Alario and state Senators Eric LaFleur, Jack Donahue and Gary Smith hired New Orleans consulting firm Sisung Group last November to prepare the study. The move was in response to a bill sponsored by House Speaker Taylor Barras, which would extended the Harrah’s New Orleans’ license for 30 years, giving it the right to operate the only land-based casino in New Orleans. Barras’ legislation, presented six years before the casino’s license would expire, did not call for any bidding process and also eliminated lodging and restaurant requirements Harrah’s owner, Caesars Entertainment, objected to.
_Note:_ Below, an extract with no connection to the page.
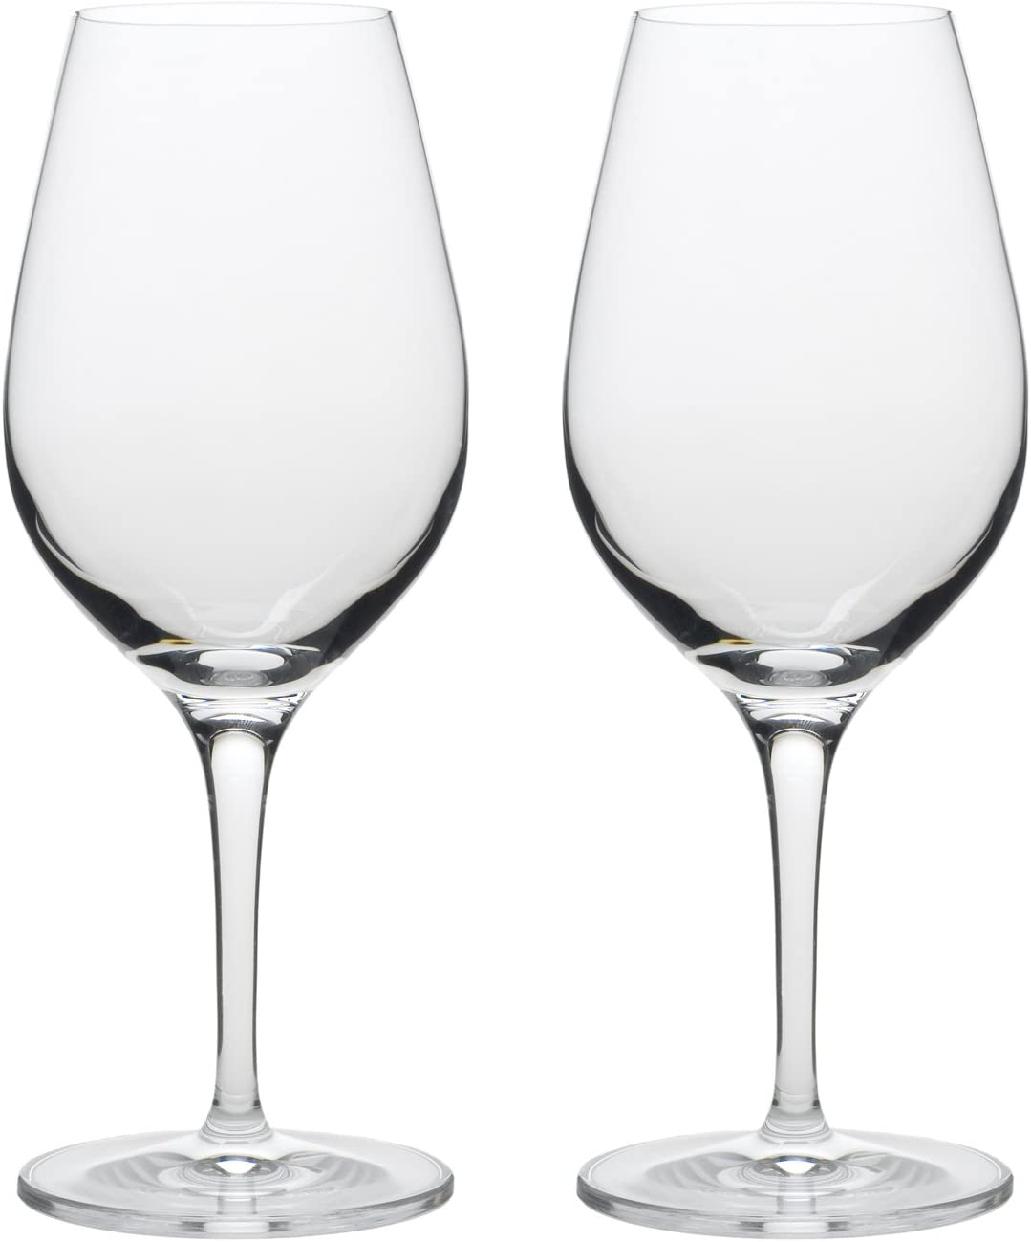 Stolzle Lausitz(シュトルツル ラウンジッツ) ユニヴァーサル 兼用 ワイングラス ペア 150/31 クリアの商品画像

More than 20 Caesars lobbyists promoted Barras’ bill, which also had the support of Governor John Bel Edwards and New Orleans Mayor LaToya Cantrell. However, the Senate amended the bill to require the casino to make a minimum annual payment of $80 million instead of the current $60 million. Senators explained Caesars planned to spend $350 million on upgrades if the license extension was approved; that would generate $20 million in additional annual tax revenue for the state.

But Caesars objected to the increase, leading to the bill’s ultimate failure. Donahue said, “All these fiscal conservatives in the House who don’t want to spend a nickel on anything voted to blast it through. That’s amazing to me. How can you make a decent decision if you have no information? I don’t have anything against Harrah’s. I don’t mind voting for it as long as I can get some information to know that it was the right thing to do. Voting without that information, I’d call that a bad vote. That’s why I voted against the Senate bill.”

Harrah’s New Orleans General Manager Dan Real said he believed the study “will show that there is a good deal to be had. There’s potential for a win-win here. If we can find the right deal, we would love to pursue it.”

Caesars officials have said they’re uncertain whether the casino will remain in New Orleans; no major upgrades have been made there in recent years. Some observers said that’s why Harrah’s win has dropped from a peak of $419 million in 2008 to $281 million in 2017 and its tax payments to the state fell from $90 million in 2008 to $60 million in 2017.

The state economic development department also is preparing a comprehensive study of Louisiana’s gambling industry, due April 8.